Vulcanize for 30 minutes. Test piece 2 The above reinforcing fibers were arranged without gaps between rubber sheets with a thickness of 3 mm, width of 25.4 mm, and length of 100 mm, pressed, and vulcanized at 160°C for 20 minutes. Using this test piece 1, the number of times it was bent until it broke was measured using a bending fatigue tester at room temperature. This test piece 2 was measured at 50mm/
The adhesive force was measured by peeling at a pulling speed of min. The results of the above tests are shown in the attached table. (Comparative example) Using only the first and second liquids of the above example, the third liquid
The same experiment was conducted without using the liquid (Comparative Example 1).

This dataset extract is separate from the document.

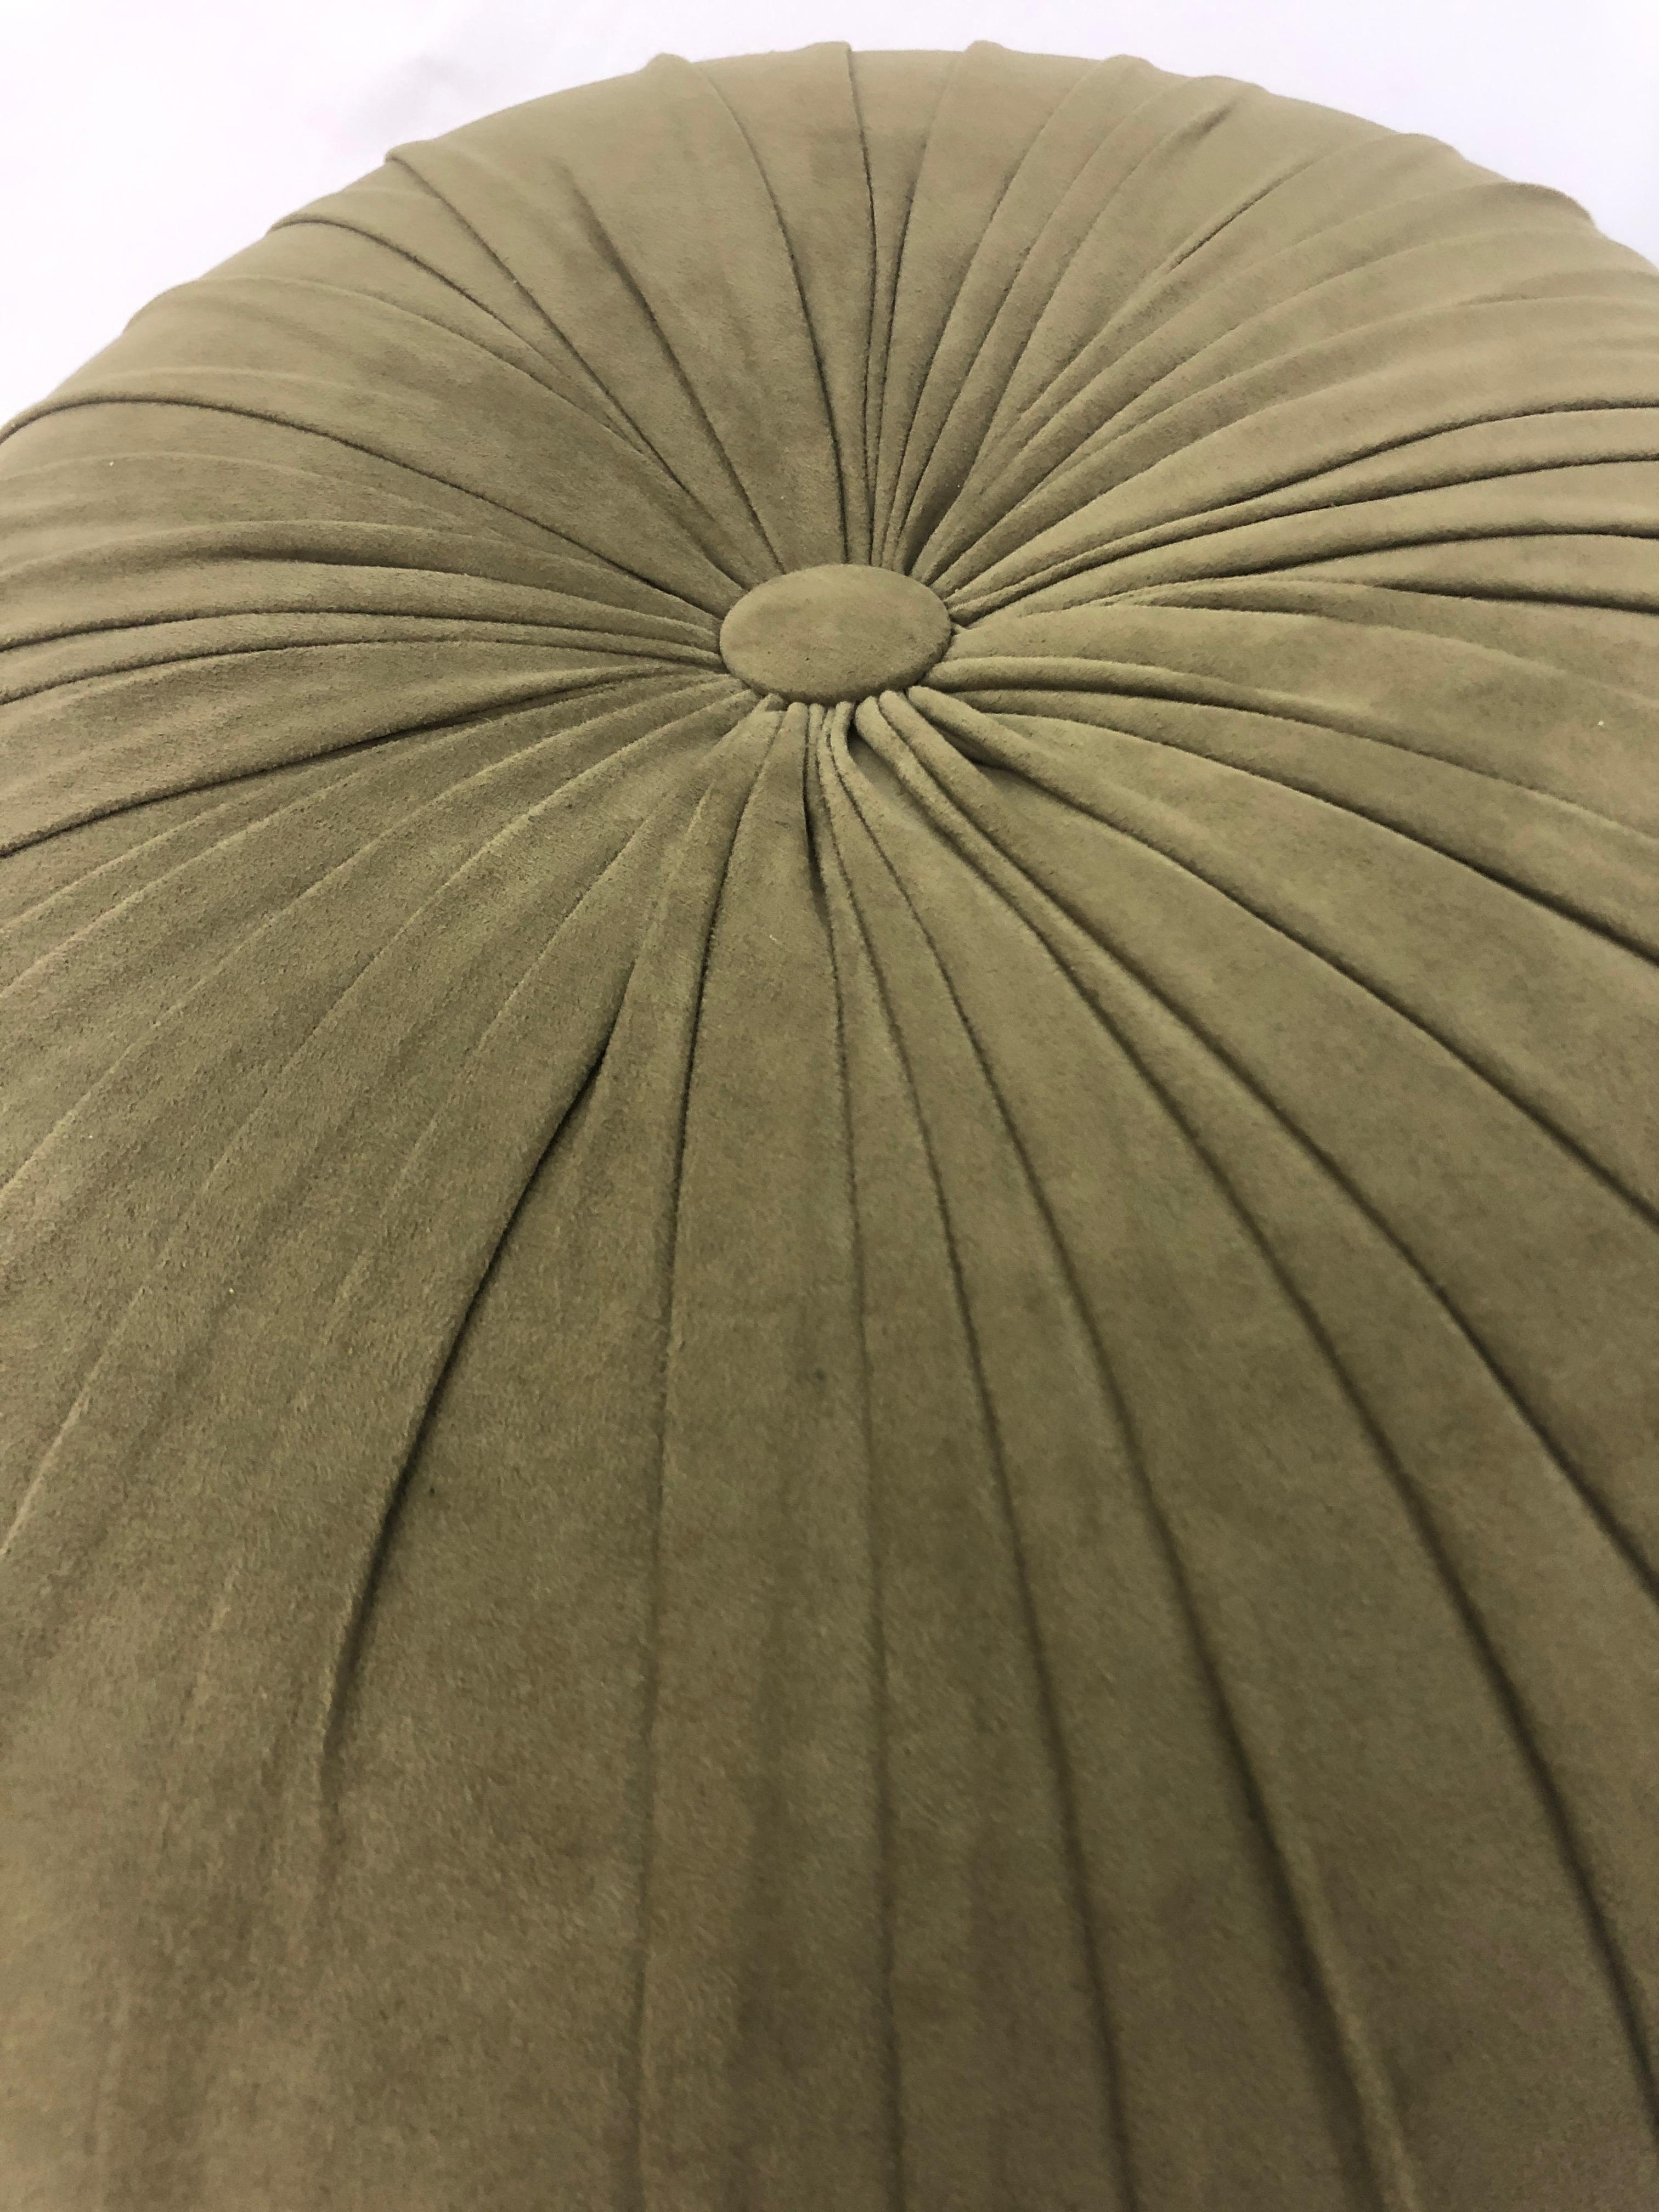 Schnazzy Oval Ultrasuede Ottoman Pouf 1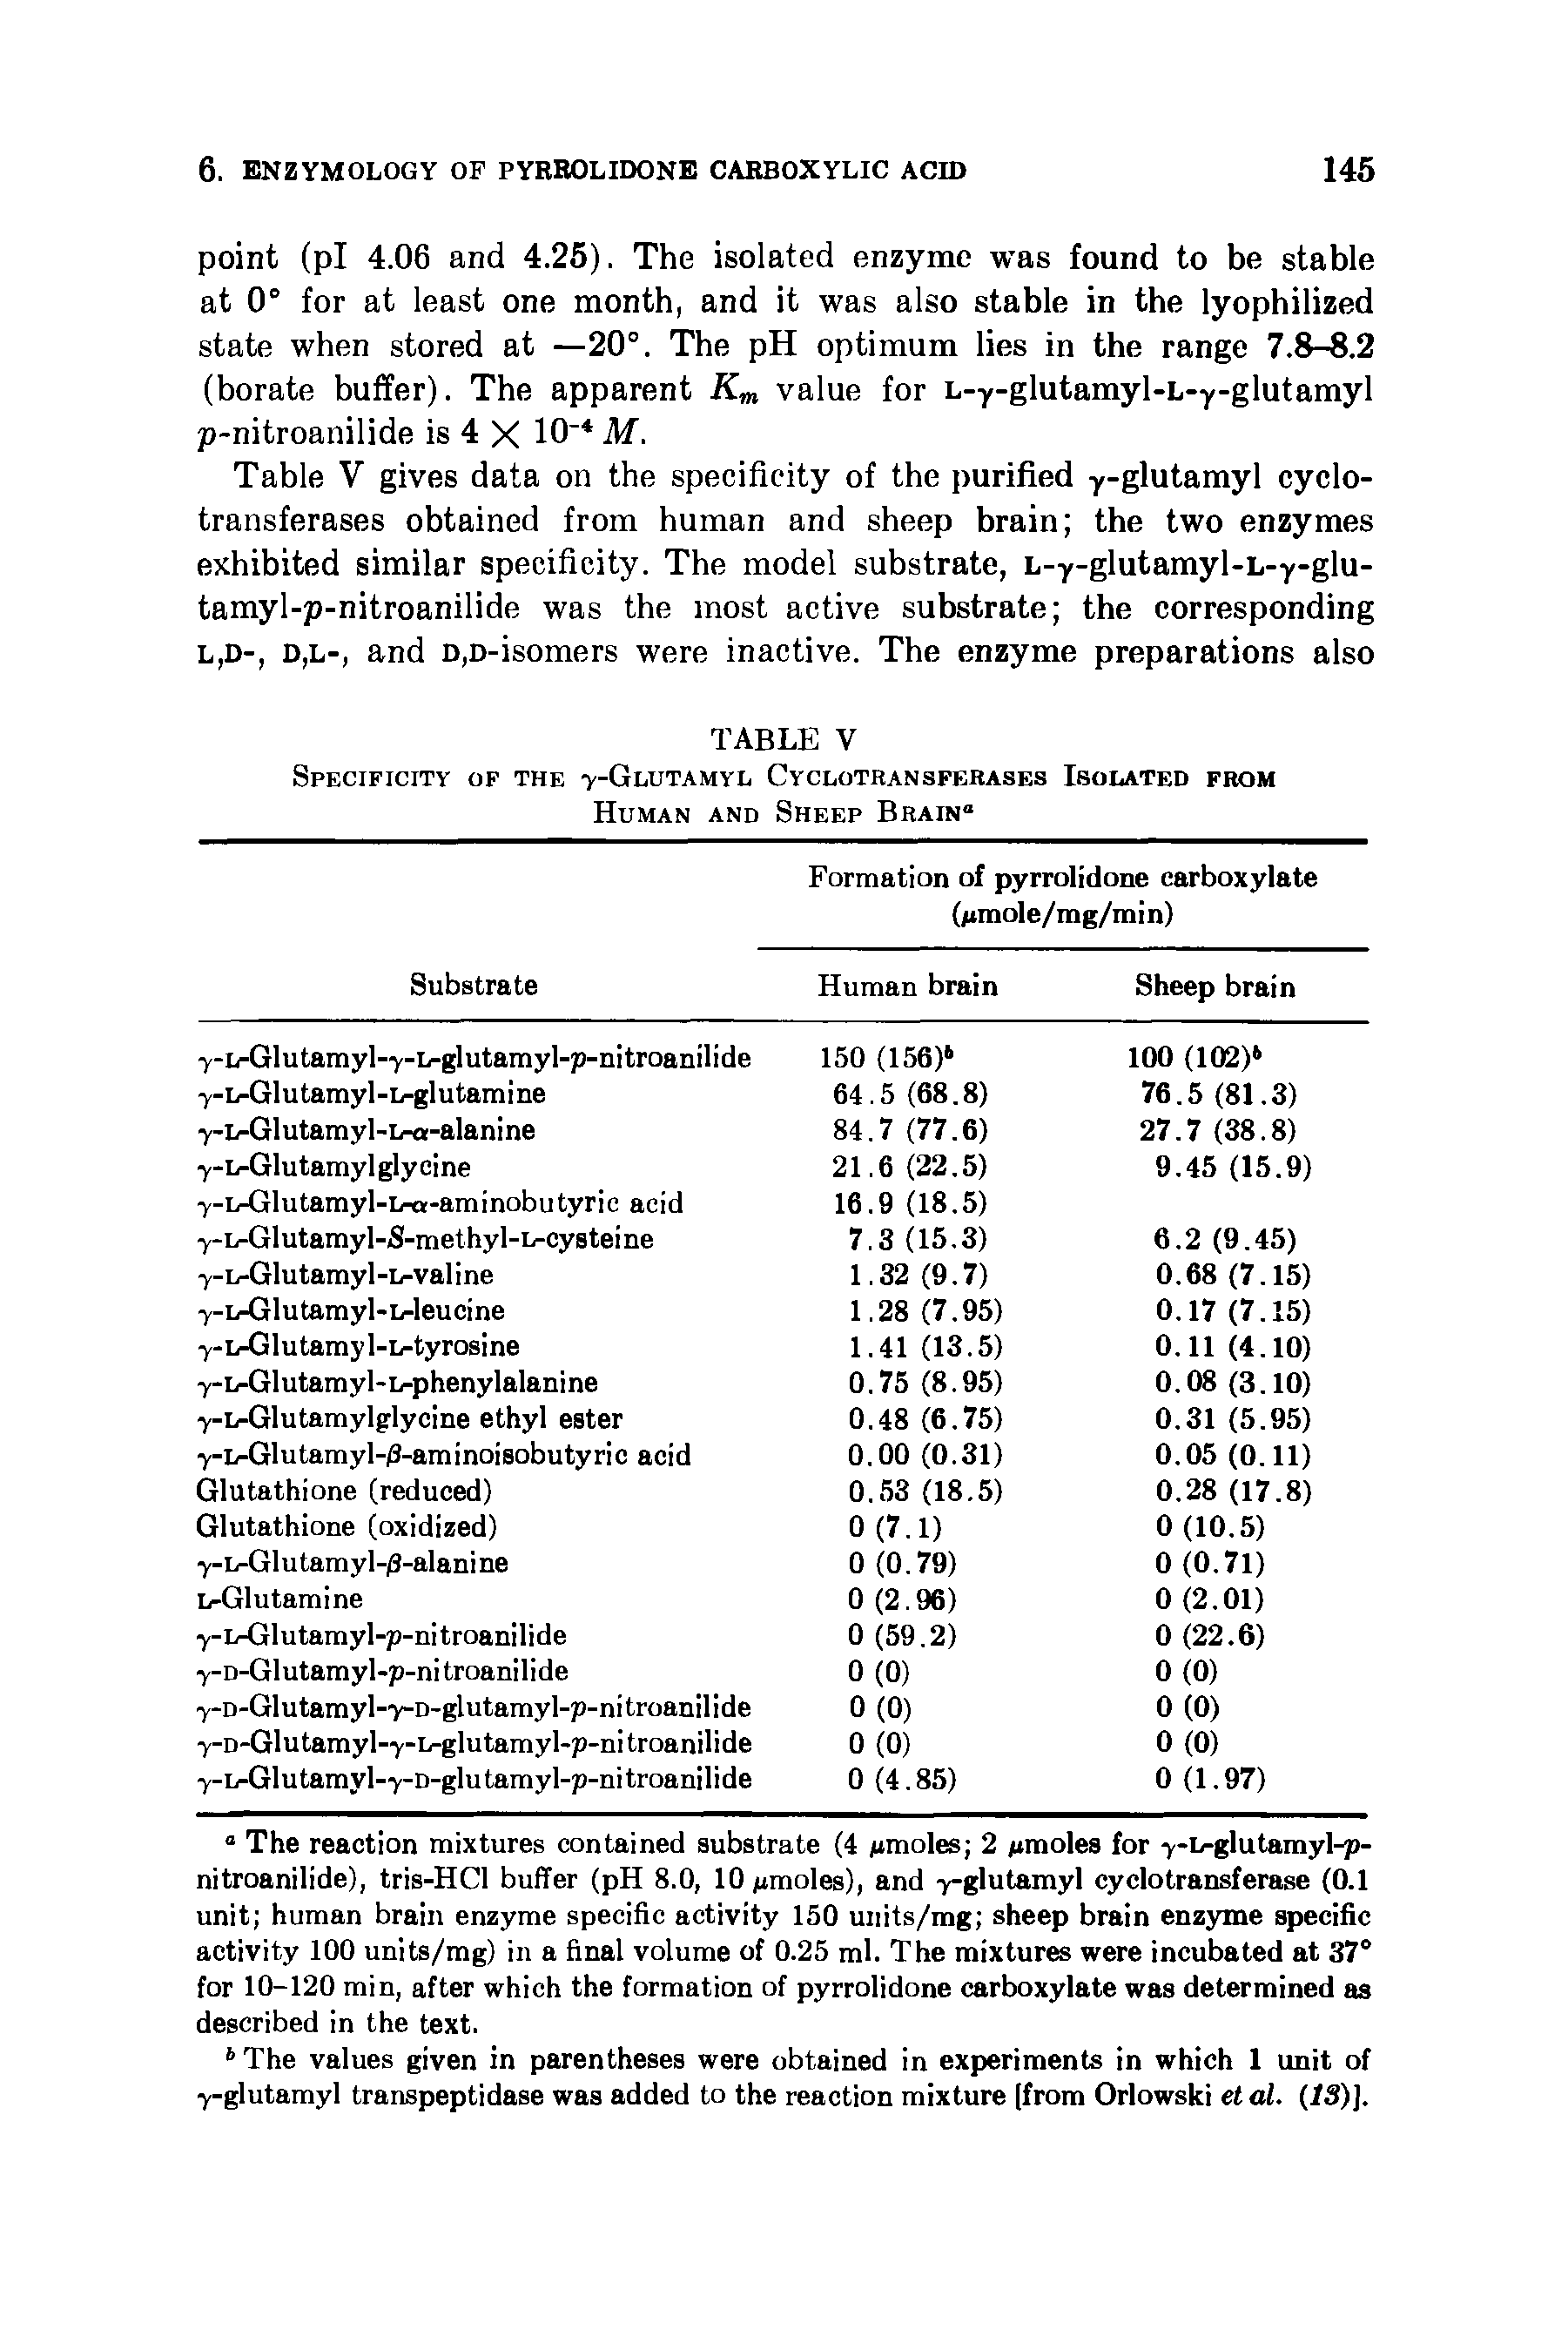 Table V gives data on the specificity of the purified y-glutamyl cyclotransferases obtained from human and sheep brain the two enzymes exhibited similar specificity. The model substrate, L-y-glutamyl-L-y-glu-tamyl-p-nitroanilide was the most active substrate the corresponding l,d-, d,l-, and D,D-isomers were inactive. The enzyme preparations also...

A similar experiment was also conducted in the case where the first liquid of the example was used and the second and third liquids were not used at all (Comparative Example 2). The results of these experiments are shown in the attached table.

[Table] (Effects of the invention) Even when used for a long time under conditions that provide repeated bending strength, the decrease in adhesive strength is small, and even when chlorosulfonated polyethylene, hydrogenated nitrile rubber, etc. are used as the matrix rubber, the adhesive strength is large. It has great strength and greatly improves bending fatigue resistance.

Claims (1)

[Scope of Claims] 1. In a rubber reinforcing fiber for reinforcing matrix rubber, a halogen-containing polymer, an isocyanate, etc. A rubber reinforcing fiber comprising: a second layer containing the same rubber as the matrix rubber; and a third layer containing the same rubber as the matrix rubber formed on the second layer. 2. The rubber reinforcing fiber according to claim 1, wherein the second layer contains a halogen-containing polymer, an isocyanate, and a vulcanizing agent. 3. The rubber reinforcing fiber according to claim 1, wherein the second layer contains a halogen-containing polymer, an isocyanate, a vulcanizing agent, carbon black, or an inert fine powder such as silica. 4. The rubber reinforcing fiber according to claim 1, 2 or 3, wherein the third layer contains the same rubber as the matrix rubber, a vulcanizing agent, carbon black, or inert fine powder such as silica.